- Release poster
- Genre: Reality Television
- Written by: Charlie David
- Directed by: Charlie David
- Country of origin: Canada
- Original language: English

Production
- Producers: Nickolaos Stagias Border2Border Entertainment
- Cinematography: Steve Hagen and Dany Papineau (stills) Nickolaos Stagias
- Editors: Mark Dejczak, Janak Subramanian
- Running time: 3 hours 44 minutes

Original release
- Release: April 3, 2013 – 2013

= I'm a Stripper =

I'm a Stripper is a 5 part TV documentary mini-series written and directed by Charlie David, and produced by Nickolaos Stagias with David's own Border2Border Entertainment Inc. The show follows the lives of a number of male strippers from various backgrounds in a number of locations in United States and Canada. The full title I'm a Stripper: The Real Life Magic Men refers to the popularity of Steven Soderbergh's film Magic Mike starring Channing Tatum.

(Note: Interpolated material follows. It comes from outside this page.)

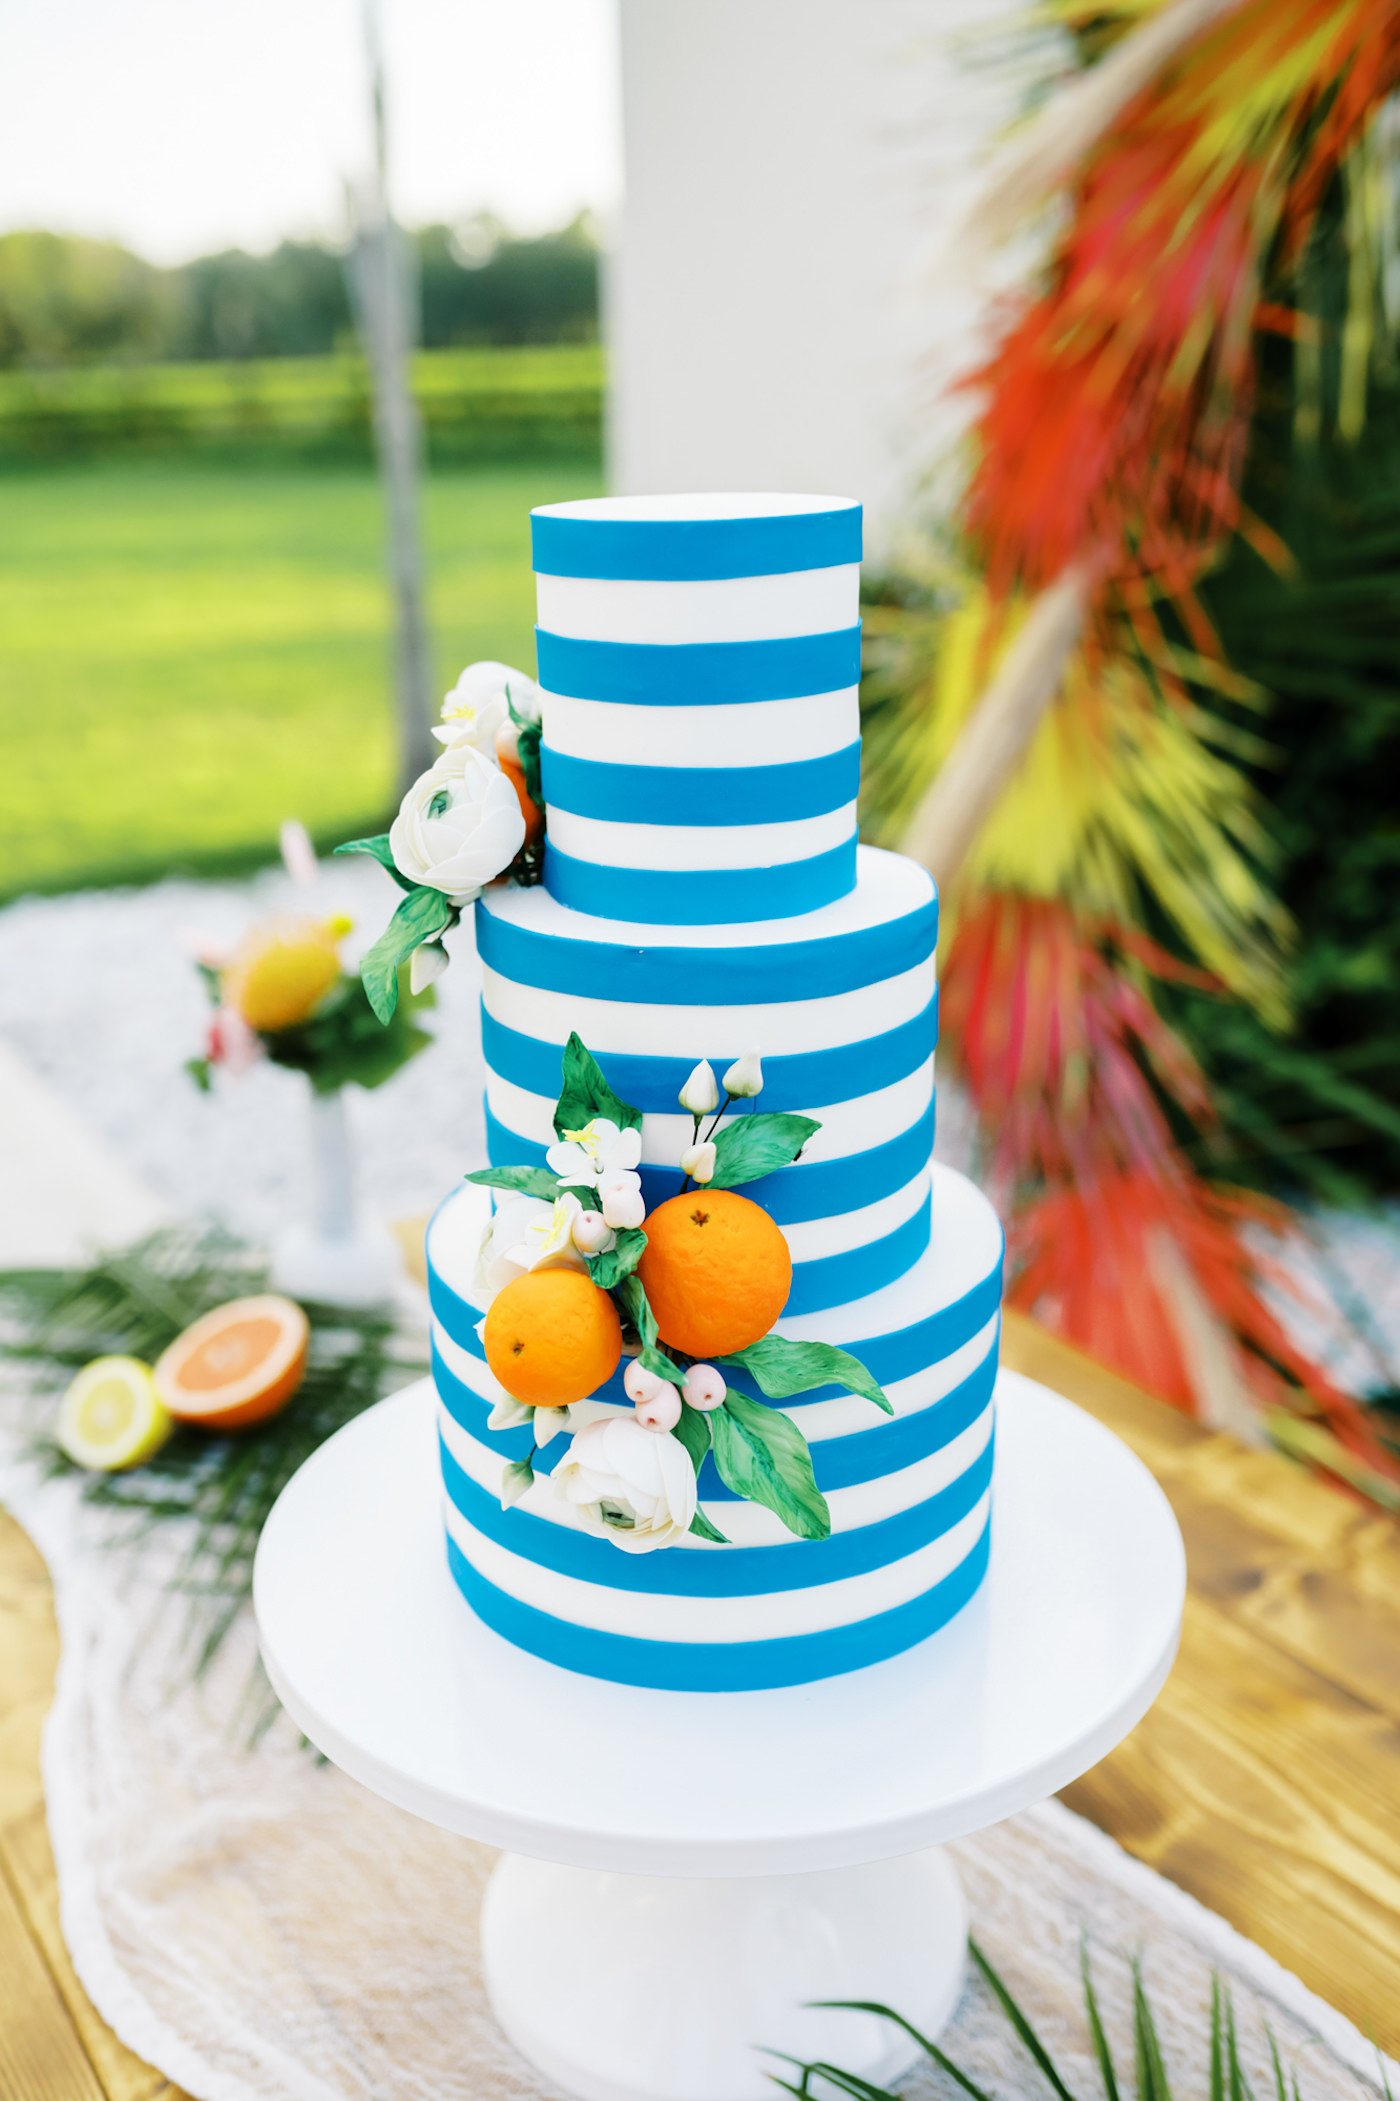 Wood Farm Table Wedding Cake Display | Three Tier Blue and White Stripe Wedding Cake with Fresh Citrus by Tampa Bay Cake Company Bakery | Tropical Florida Citrus Wedding Inspiration

The series was launched on 3 April 2013, and has been featured in American Logo for its 'WHAT!?' documentary series features and on Canadian OUTtv specialized stations.

==Synopsis==
The series features a group of friend strippers in Niagara Falls region, a young Asian man stripping in Montreal, and the performers in a Las Vegas show called Thunder from Down Under. The strippers talk about money, sexual attraction, rivalry on stage, creativity, differences between male and female spectators, personal lives, a typical day on the club floor and away from it, reactions of families and friends.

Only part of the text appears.